Not so positive, after all
More often than not, children usually bear the brunt of their parents’ over-involvement.
Psychiatrist Aditi Acharya says children of such parents usually lack confidence. At a young age, it is ingrained in their minds that they will always require the support of their parents to achieve success.
“Being a ‘helicopter parent’ has more negative implications than positive, mainly because such individuals produce anxious and dependent personalities. The self-esteem and self-confidence of a child suffer to a great extent because of this,” she says.
Hingorrany adds that if parents make all their decisions for the kids, then the children will never experience life to the fullest. “Always interfering and being over-protective makes them co-dependent and not self-reliant,” she says.
In fact, according to another 2015 study, by the Brigham Young University, Utah, USA, “stepping in and doing for a child what the child developmentally should be doing for him or herself, is negative”.
Time to change
However, remedial measures can be taken to create a positive environment for children. These efforts can help boost their confidence and mental development. But first, parents need to understand that providing readymade solutions and fighting all the battles for their children is actually detrimental to the child’s growth.

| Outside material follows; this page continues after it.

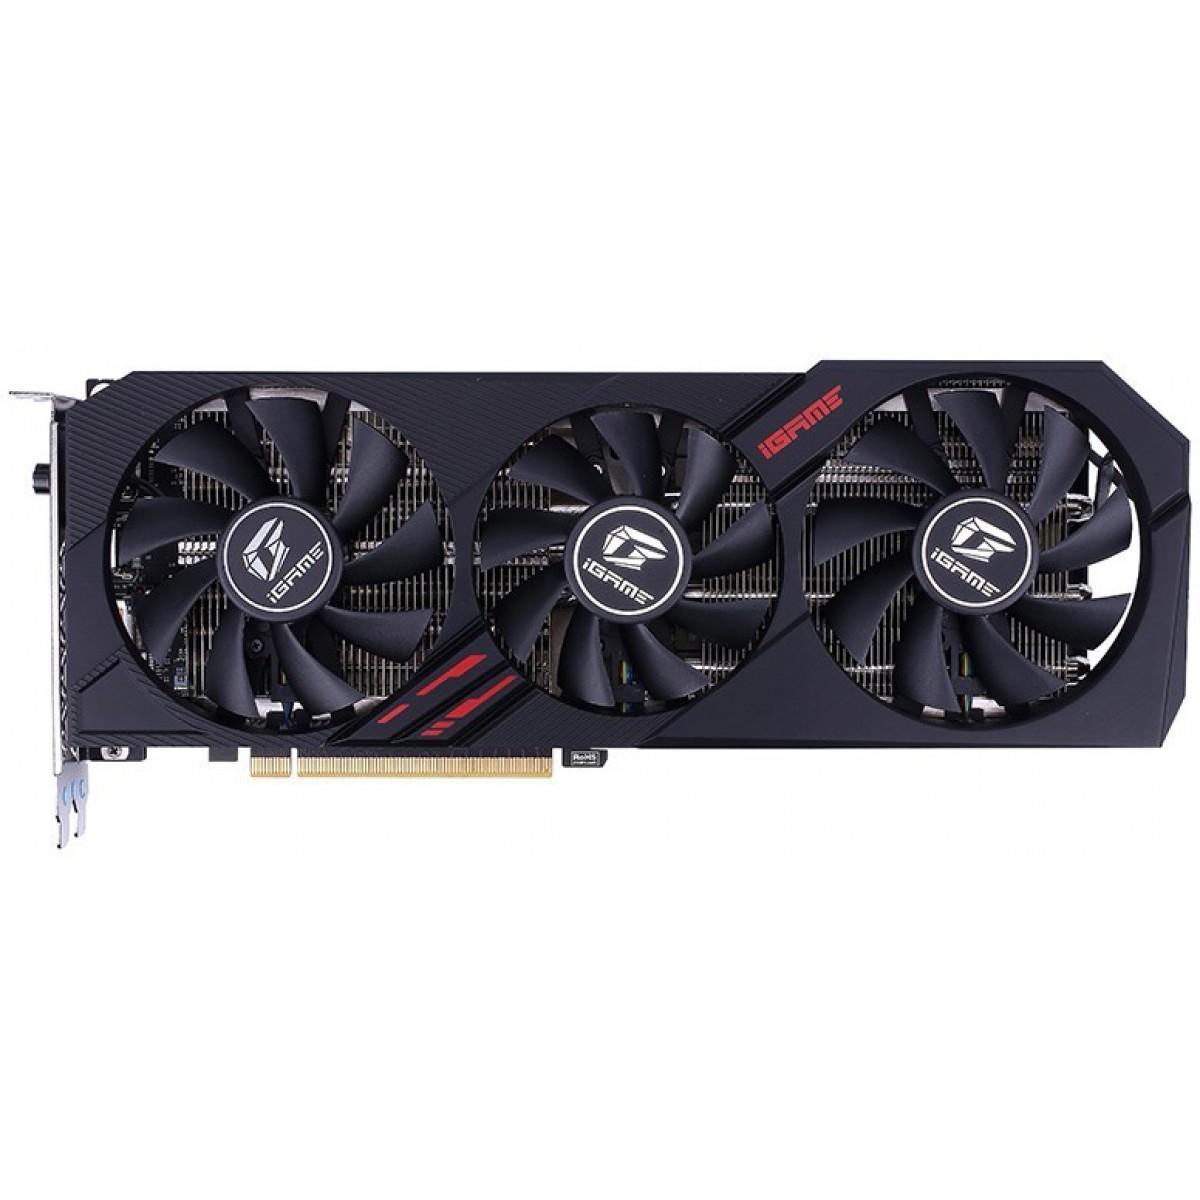 Placa de Vídeo Colorful iGame GeForce RTX 2060 Super Ultra-V, 8GB GDDR6, 256Bit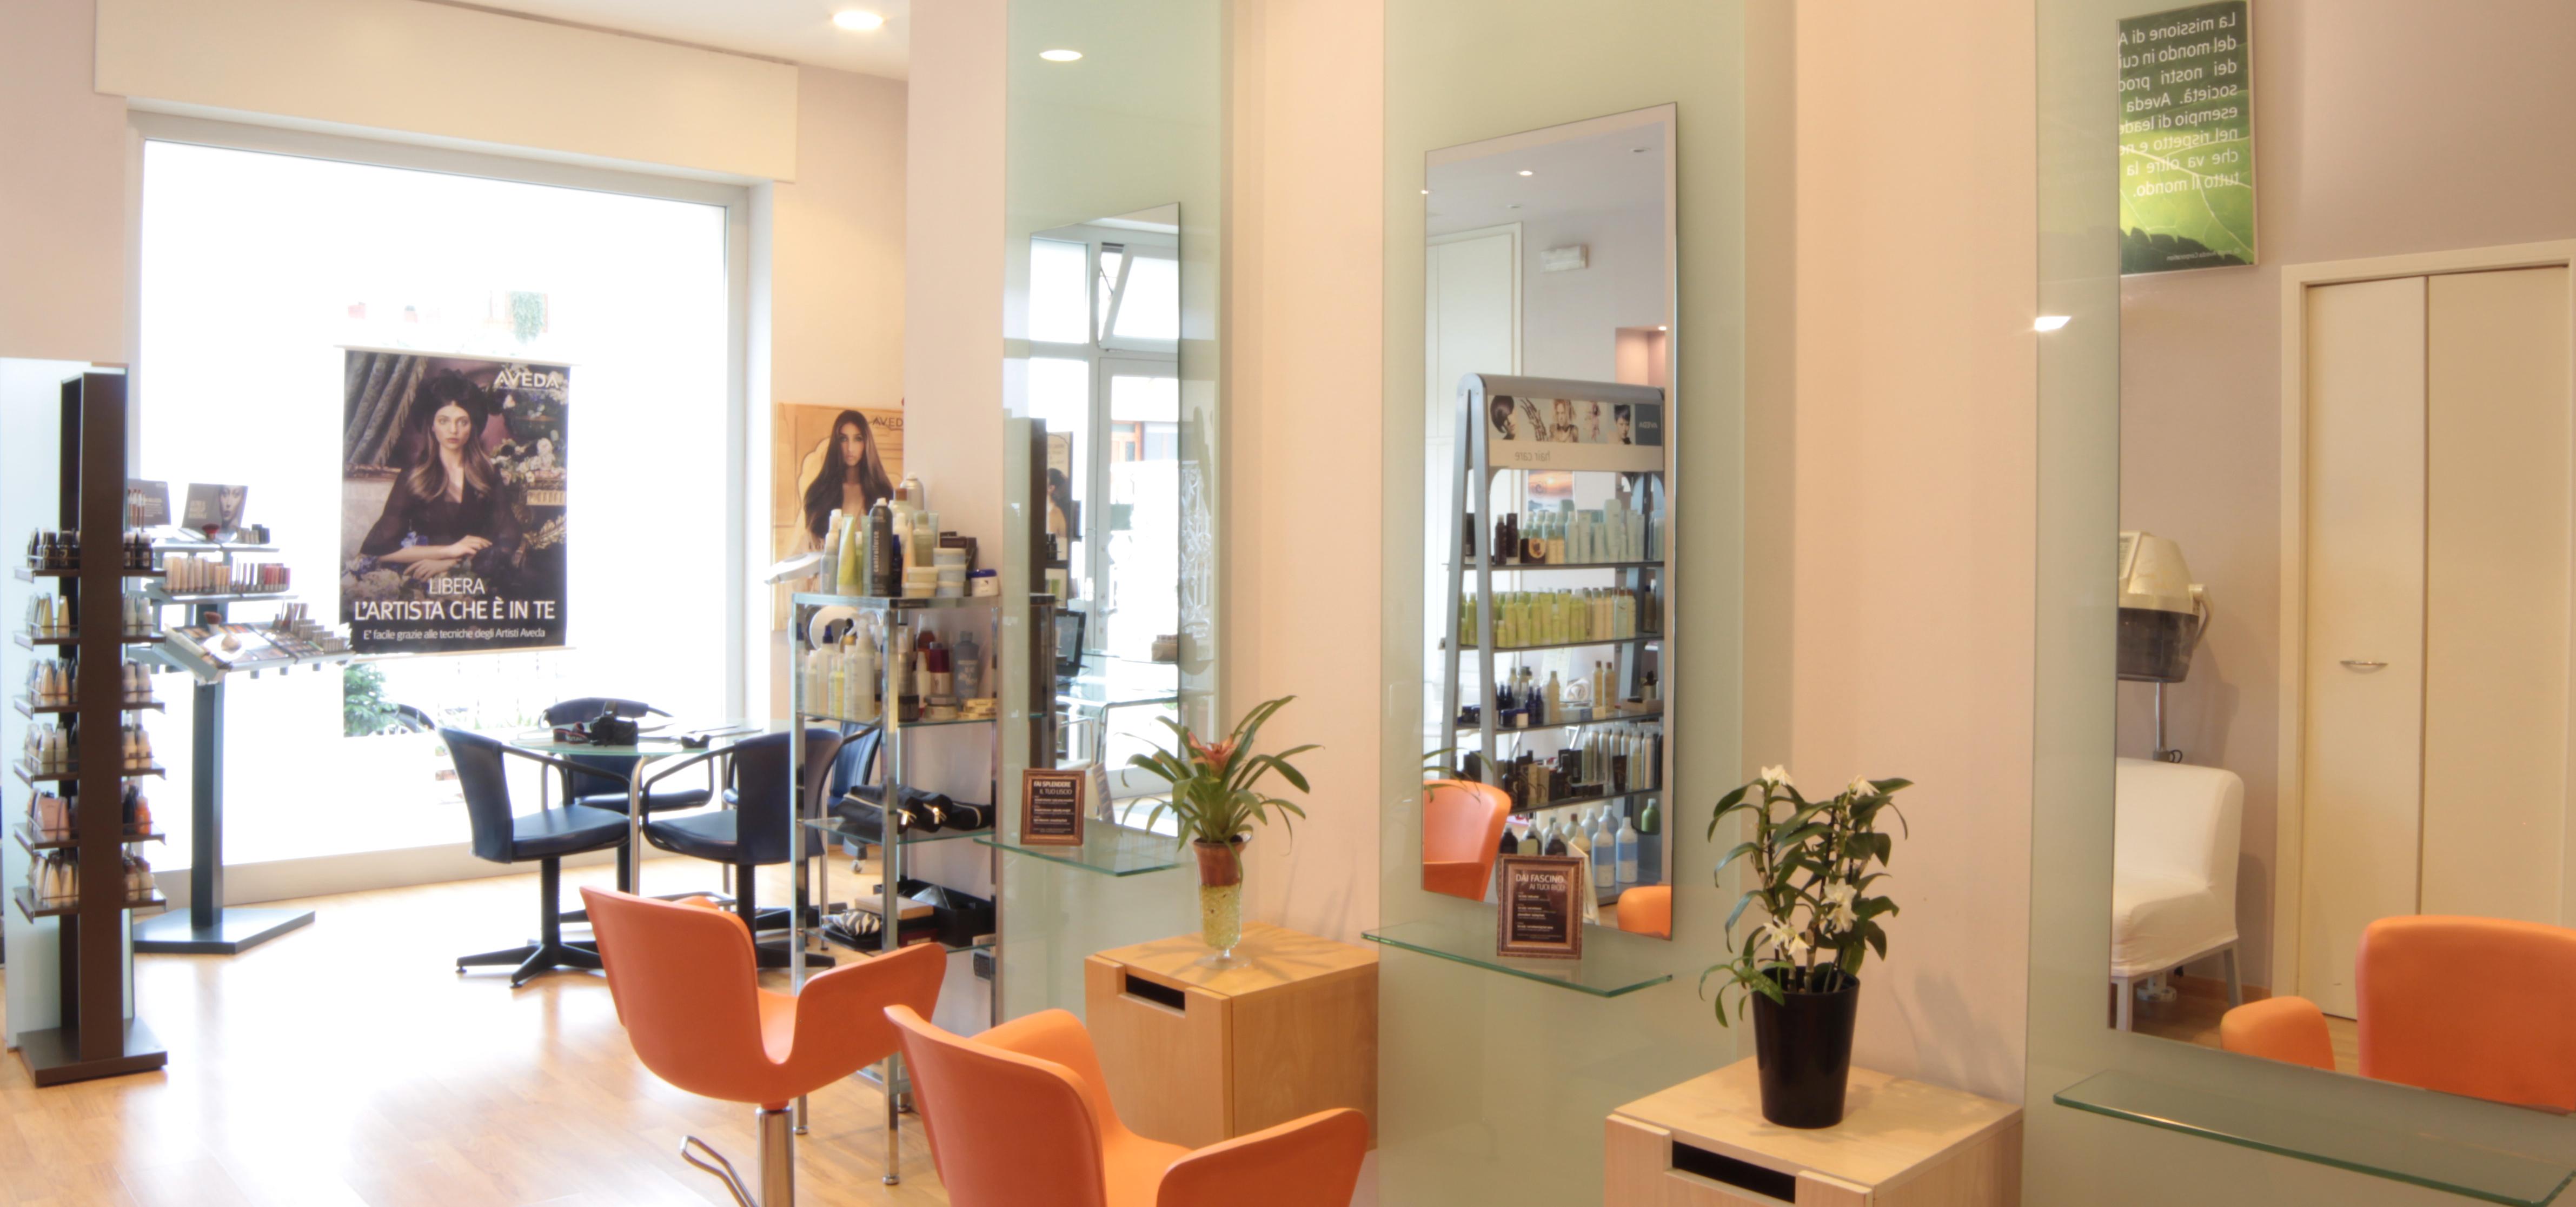 Dainami concept salon aveda salone parrucchiere a san for Acqua aveda salon

Chitre says, “It is a parent’s natural instinct to protect his or her child from danger. But as rational parents, they need to ask themselves a few questions — ‘What I perceive as a threat, is it actually a life lesson for the kid?’, ‘Do I want my child to be a responsible, mature adult, who knows how to solve his or her own problems and take decisions?’, ‘Can I always be around for my child?’, and ‘Do I want to advocate self-reliance or dependency?”.
What parents need to do
1. Handling peer relations and discussing concerns with teachers need to be encouraged
2. Assure your child that you will always be around, but there are some things that he or she needs to do independently
3. Children need privacy. Keep a watch over their activities, but do not suffocate them
4. Keep all channels of communication open at all times
5.Trust your kids, and teach them to have faith in themselves
6. Let them bear the consequences of their actions. Let their decisions go wrong and let them understand what failure is
7. Let them also understand the importance of struggle, compromise and adjustment.